Como elemento adicional ao já impressionante espetáculo da aurora boreal, Ása procurou um motivo em primeiro plano para esta fotografia. "Encontrei uma casa iluminada, que torna a imagem muito mais interessante.", afirma. Para a captação de um motivo como a aurora boreal, é importante rever as suas imagens finais e escolher a melhor para editar na publicação. Tirada com uma Canon EOS-1D X Mark II com uma objetiva Canon EF 16-35mm f/2.8L III USM a 16 mm, 2,5 seg., f/4 e ISO 3200. © Ása Steinars

"Hoje em dia, a edição constitui uma parte importante da fotografia,", afirma Ása, "e é muito útil poder analisar devidamente as suas imagens posteriormente." Ása aconselha sempre a fotografar em formato de ficheiro RAW, para captar o máximo de dados possíveis e dar-lhe uma maior flexibilidade na pós-produção. Os "Estilos de imagem" integrados da Canon, que incluem definições como Paisagem, Neutro e Fiel, proporcionam às suas fotografias uma paleta de cores e um ambiente consistentes. Mas é através da revisão das suas fotografias que vai sentir o que está a fazer bem e o que precisa de melhorar.

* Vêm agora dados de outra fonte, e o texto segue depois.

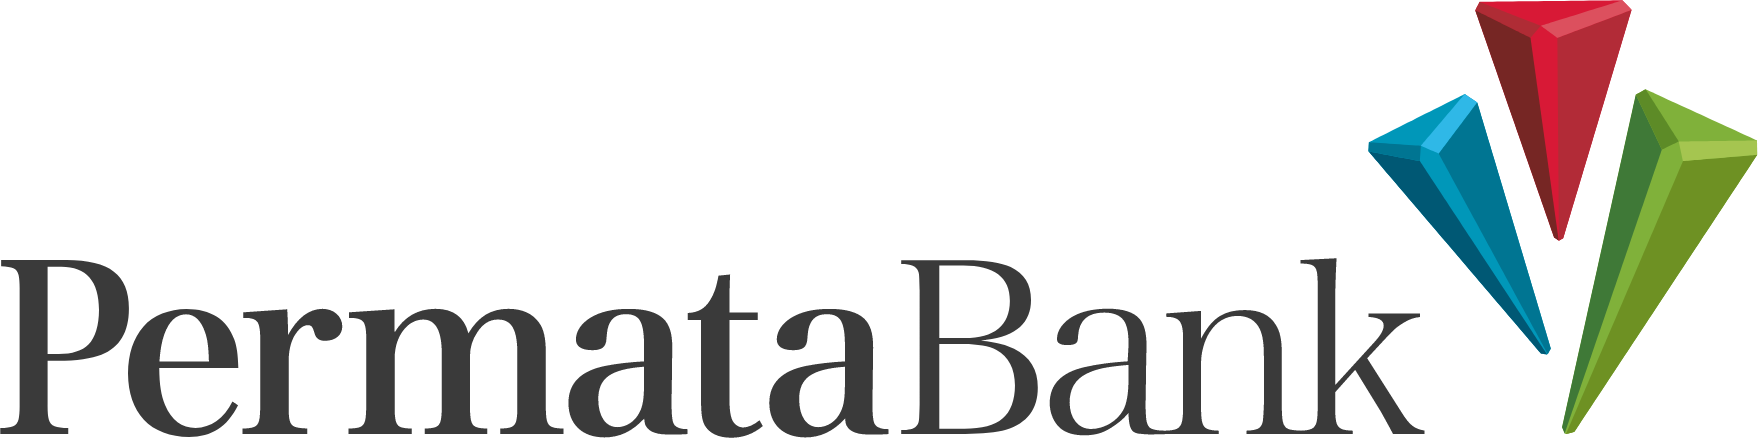 Permata Bank logo large (transparent PNG)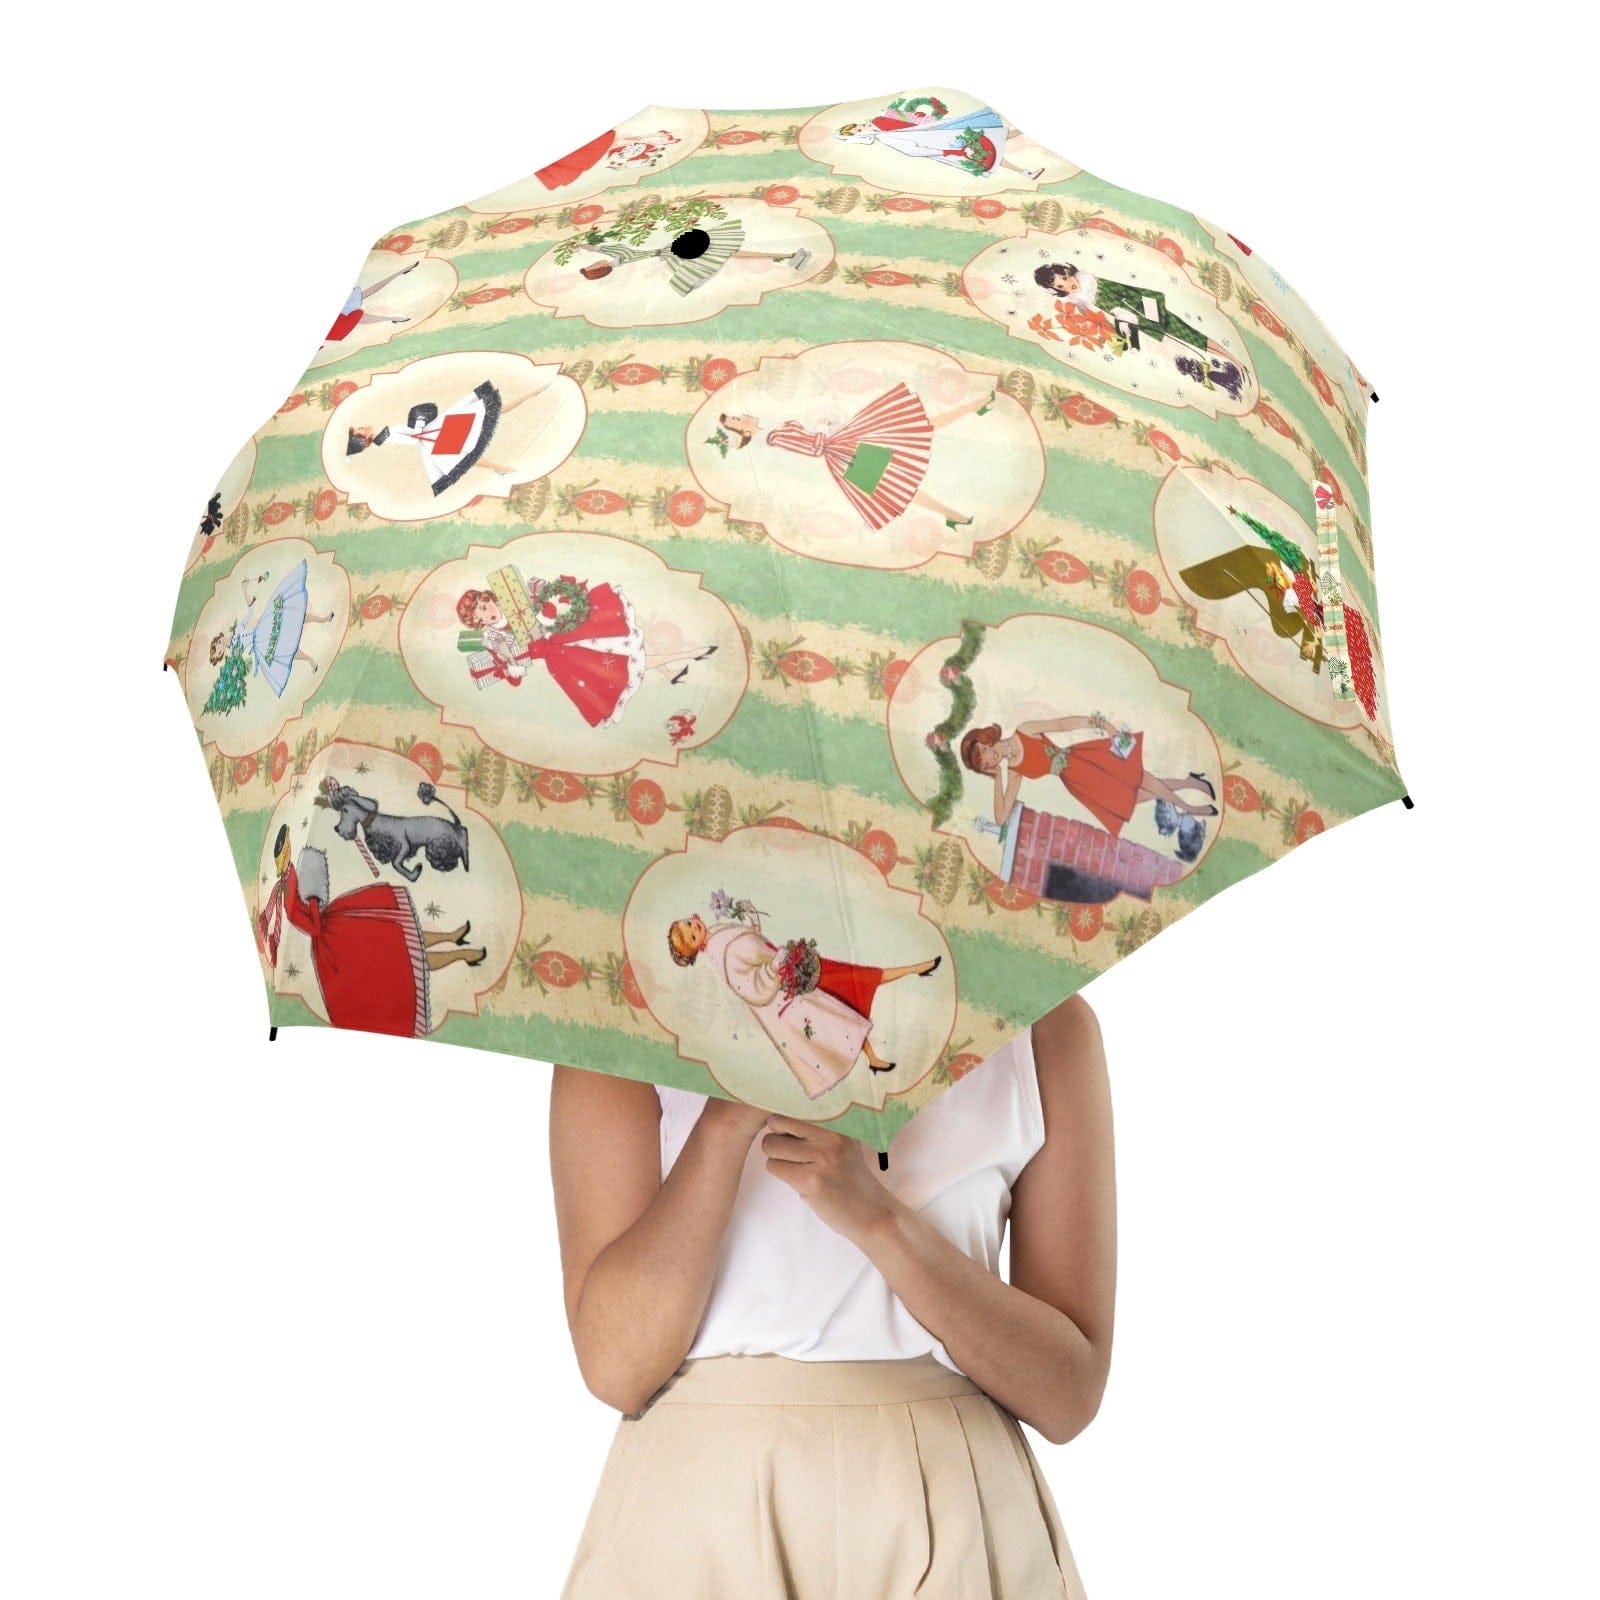 interestprint Vintage 1950s Housewives Christmas Semi-Automatic Foldable Umbrella Umbrellas One Size D2842158

Ása recomenda que todos os fotógrafos de paisagens principiantes invistam em software de edição de fotografias, como o Canon Digital Photo Professional (DPP) ou o Adobe® Photoshop® Lightroom®. Descobrir algumas predefinições é útil, essencialmente filtros personalizados para utilizar no software, mas estas não substituem um bom conhecimento prático do pós-processamento.

"A utilização de pacotes predefinidos pode ser uma boa forma de começar, mas lembre-se de que não se trata de uma solução infalível para obter imagens excelentes.", afirma. "Ainda assim, terá de fazer muita edição, mesmo com boas predefinições."

Continue a experimentar e a praticar

Uma baleia a saltar para fora da água a contrastar com um fantástico horizonte branco.

"Se puder, leve a sua câmara consigo para todo o lado.", sugere Ása – nunca se sabe quando poderá encontrar a fotografia perfeita. "Estava a observar baleias e de repente ouvi um grande mergulho atrás de mim. Virei-me e vi uma baleia-jubarte a lançar-se no ar.", afirmou acerca da imagem. "Fiquei muito contente por conseguir capturar toda a sequência do salto da baleia." Tirada com uma Canon EOS-1D X Mark II com uma objetiva Canon EF 70-200mm f/2.8L IS II USM a 150 mm, 1/5000 seg., f/3.2 e ISO 640. © Ása Steinars

Para quem não conhece a fotografia ou tem pouca experiência a fotografar paisagens, a Ása recomenda que analise trabalhos de terceiros e que aprenda com os mesmos. Encontre fotógrafos que admira, sugere, e veja como trabalham a luz, compõem as imagens e encontram ângulos criativos.

A sua melhor sugestão é simples. "Há mais de 10 anos que levo uma câmara comigo para praticamente todo o lado.", afirma. "Quanto mais praticar, melhor se tornará. É mesmo simples. Demora algum tempo a dominar. Ninguém nasce fotógrafo."